| Work task |
What you should give back is a precise copy of the lines below from the one containing "Navyansh Art - Happy" through the one containing "Sarah Mcdaniel Interview", with no pictures.

| Data to process |
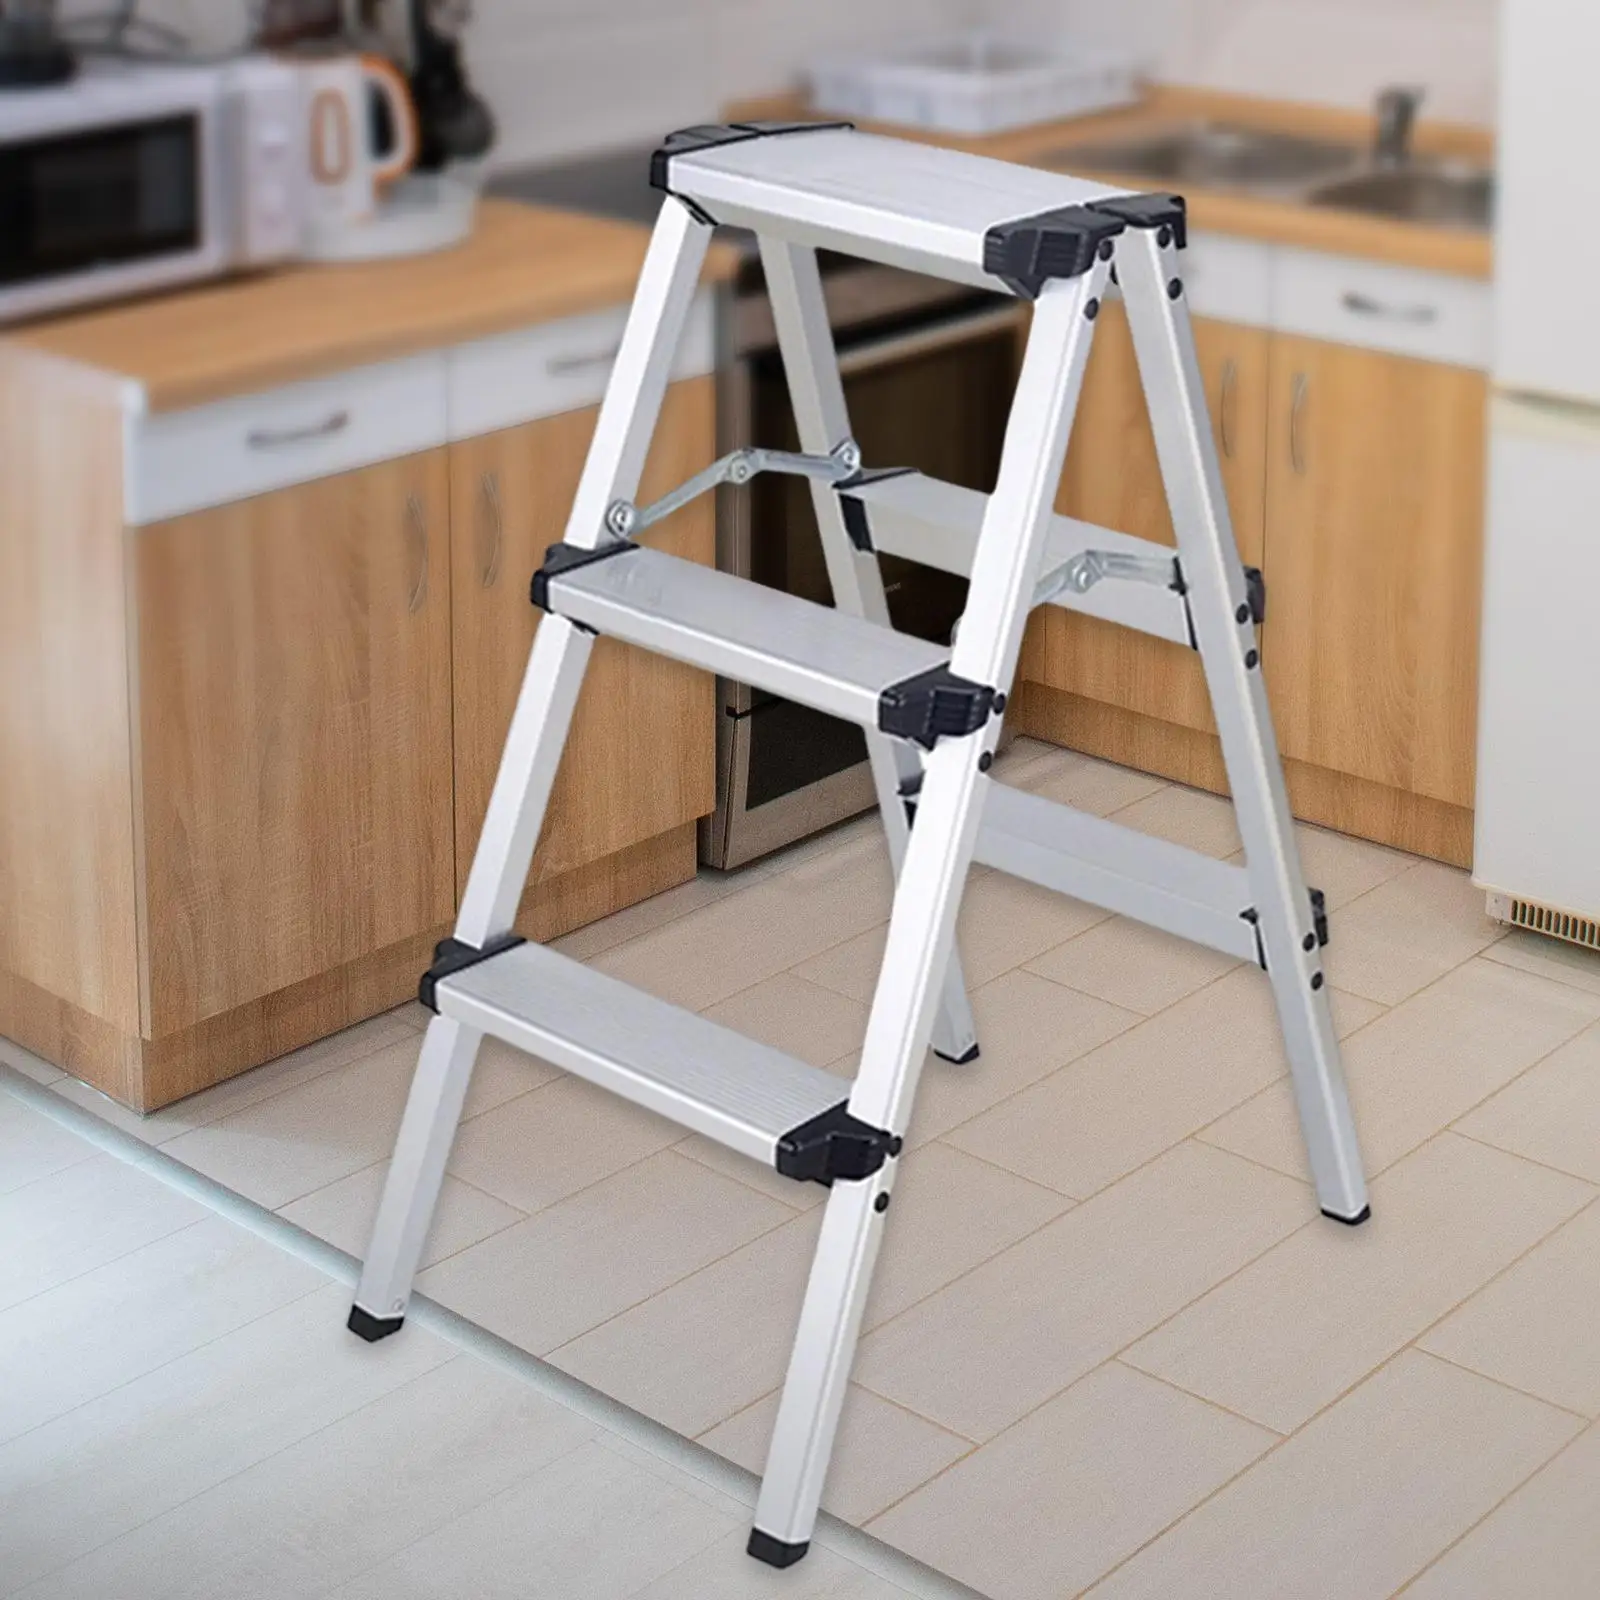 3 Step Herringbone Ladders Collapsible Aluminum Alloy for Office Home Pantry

---

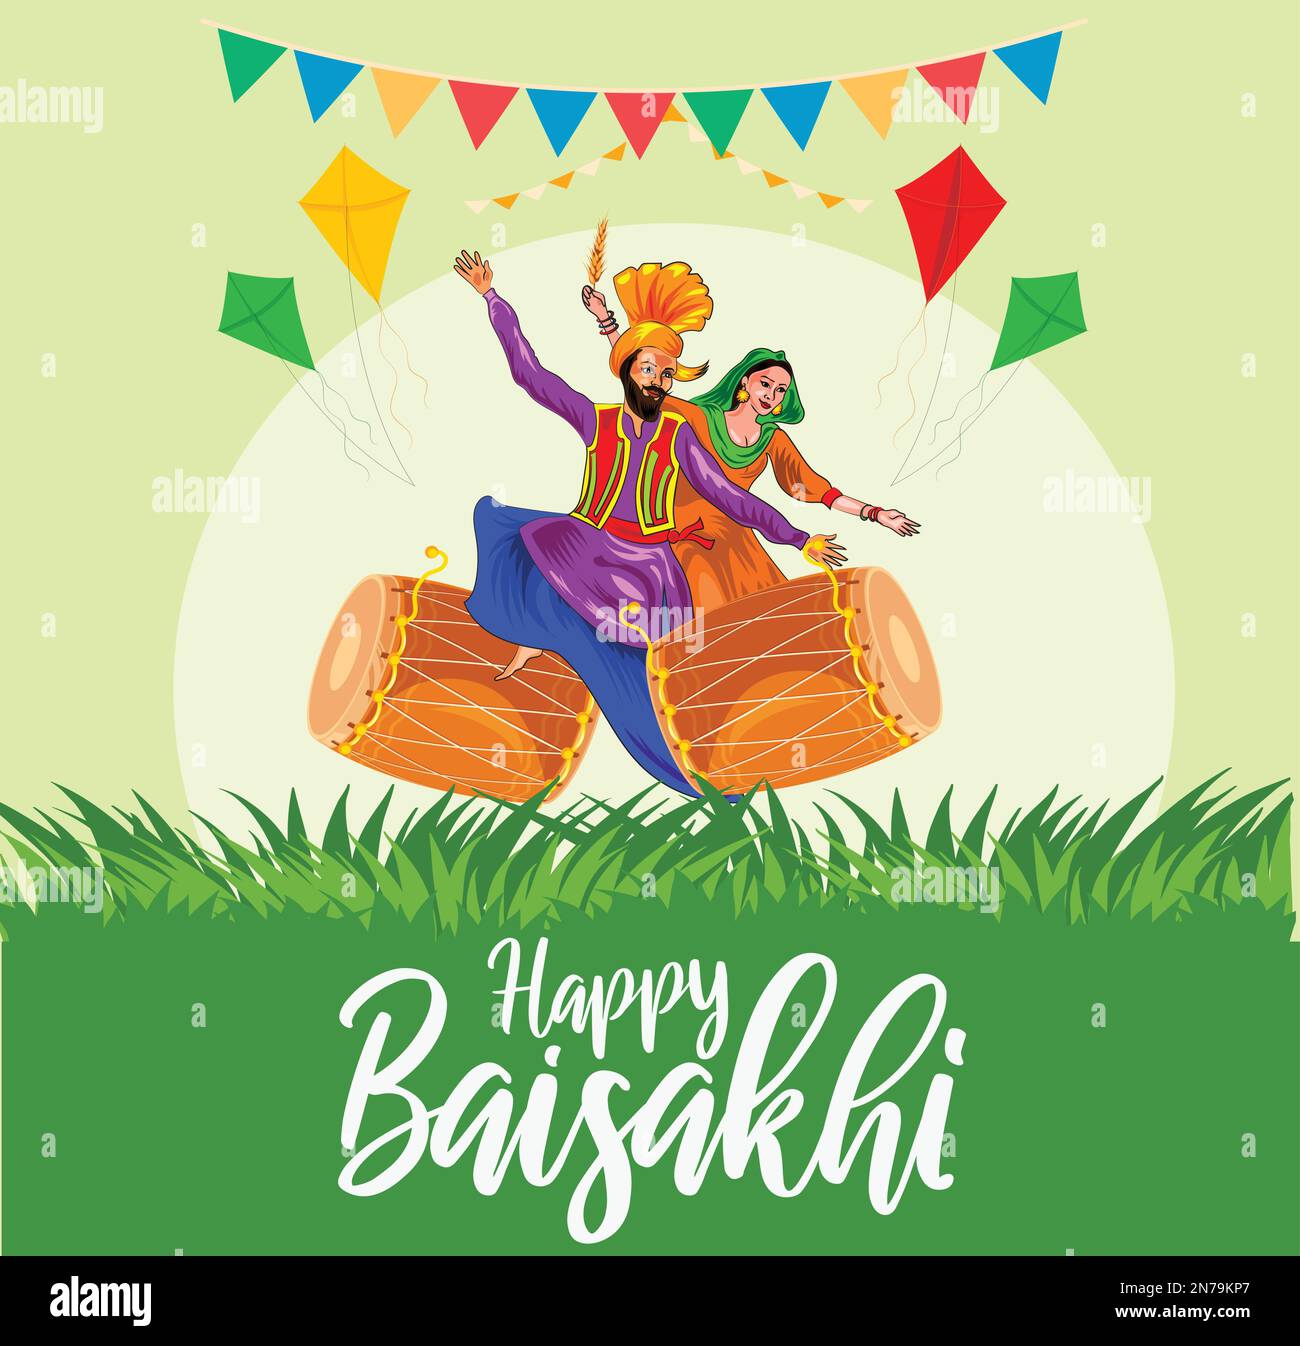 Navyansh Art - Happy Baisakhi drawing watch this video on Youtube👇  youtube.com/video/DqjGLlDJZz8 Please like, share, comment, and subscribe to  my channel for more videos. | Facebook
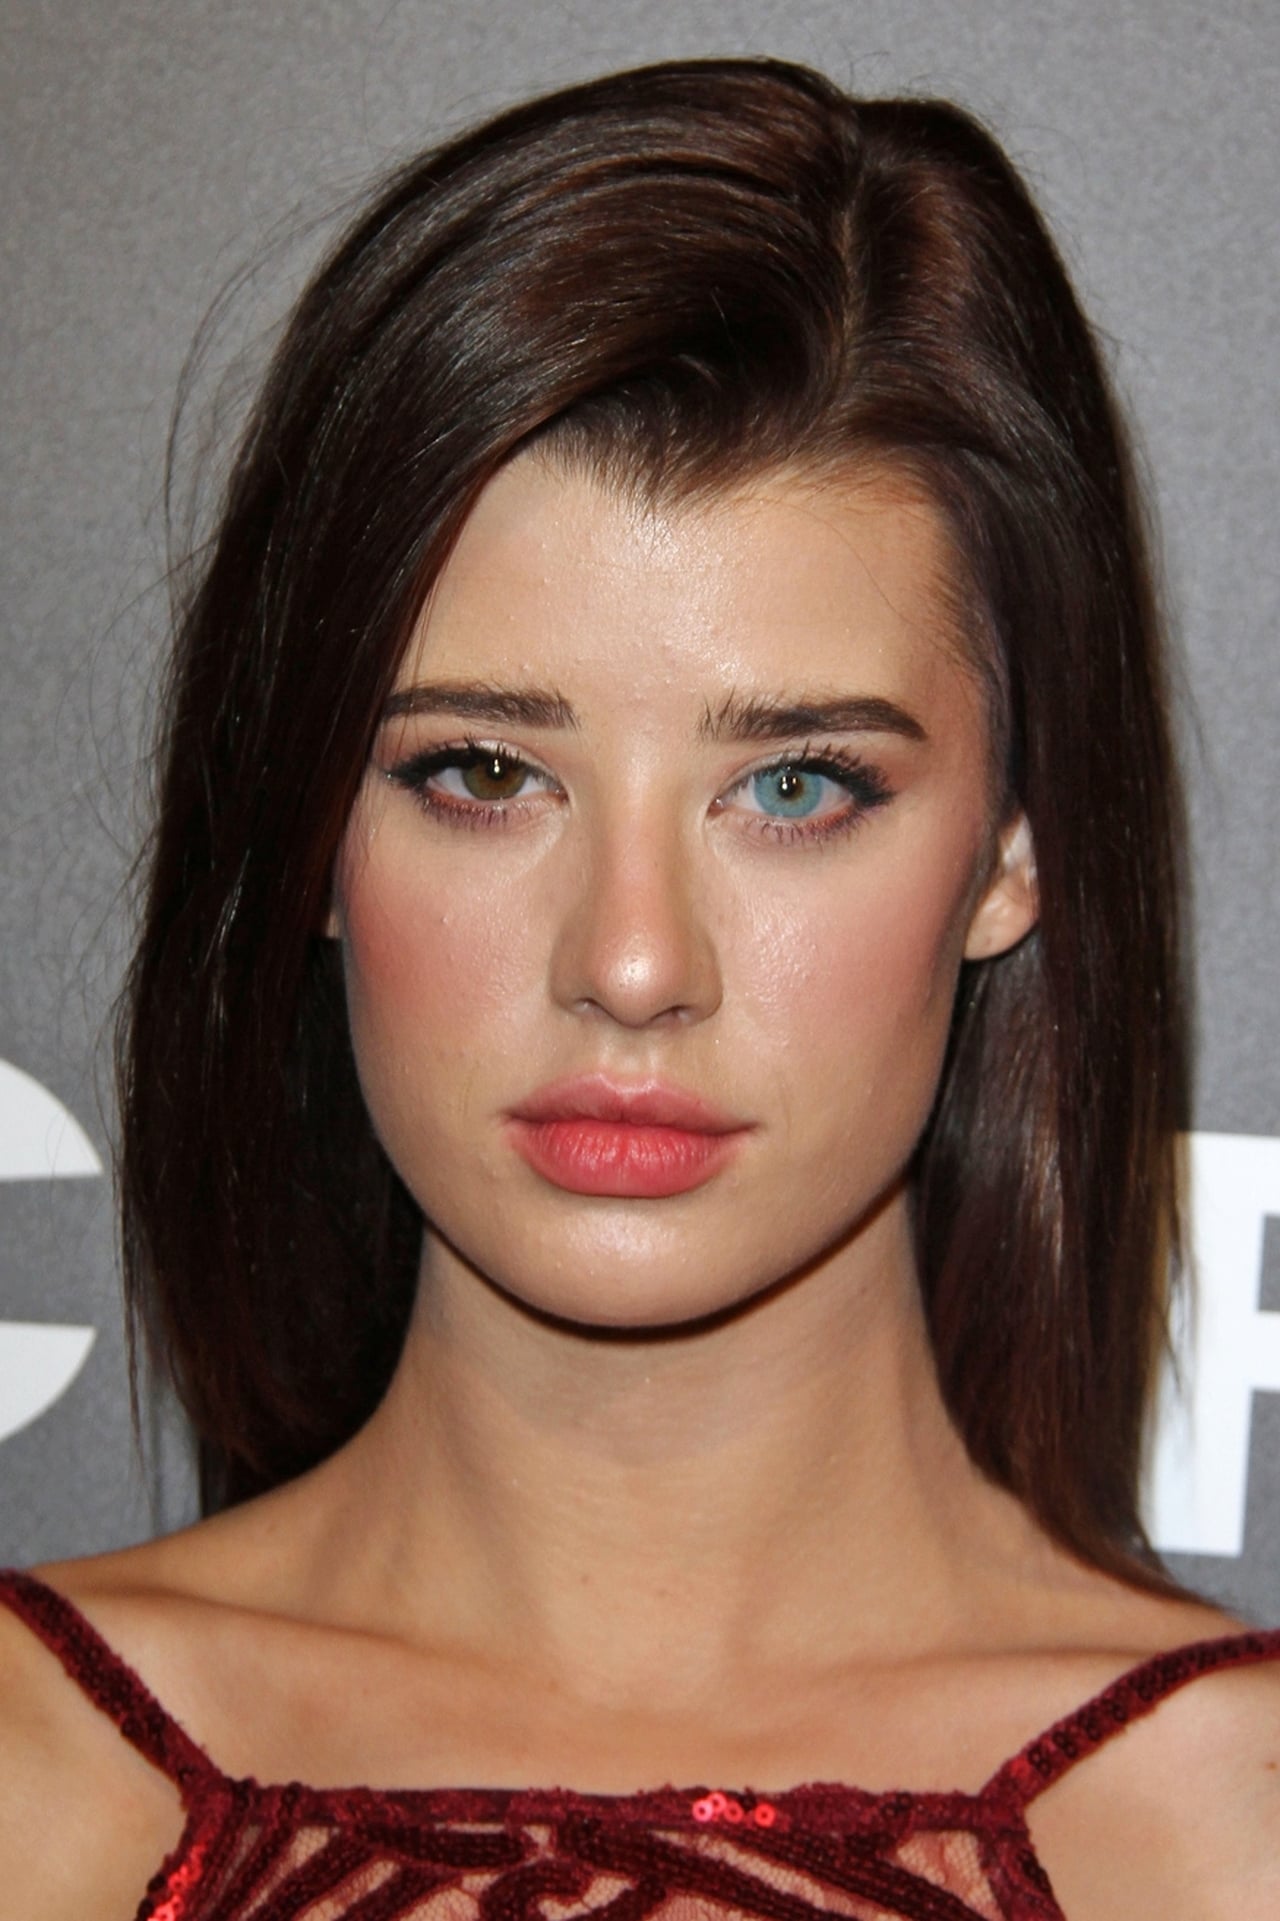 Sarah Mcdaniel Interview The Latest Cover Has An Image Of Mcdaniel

| Response for this exercise |
 Navyansh Art - Happy Baisakhi drawing watch this video on Youtube👇  youtube.com/video/DqjGLlDJZz8 Please like, share, comment, and subscribe to  my channel for more videos. | Facebook
 Sarah Mcdaniel Interview The Latest Cover Has An Image Of Mcdaniel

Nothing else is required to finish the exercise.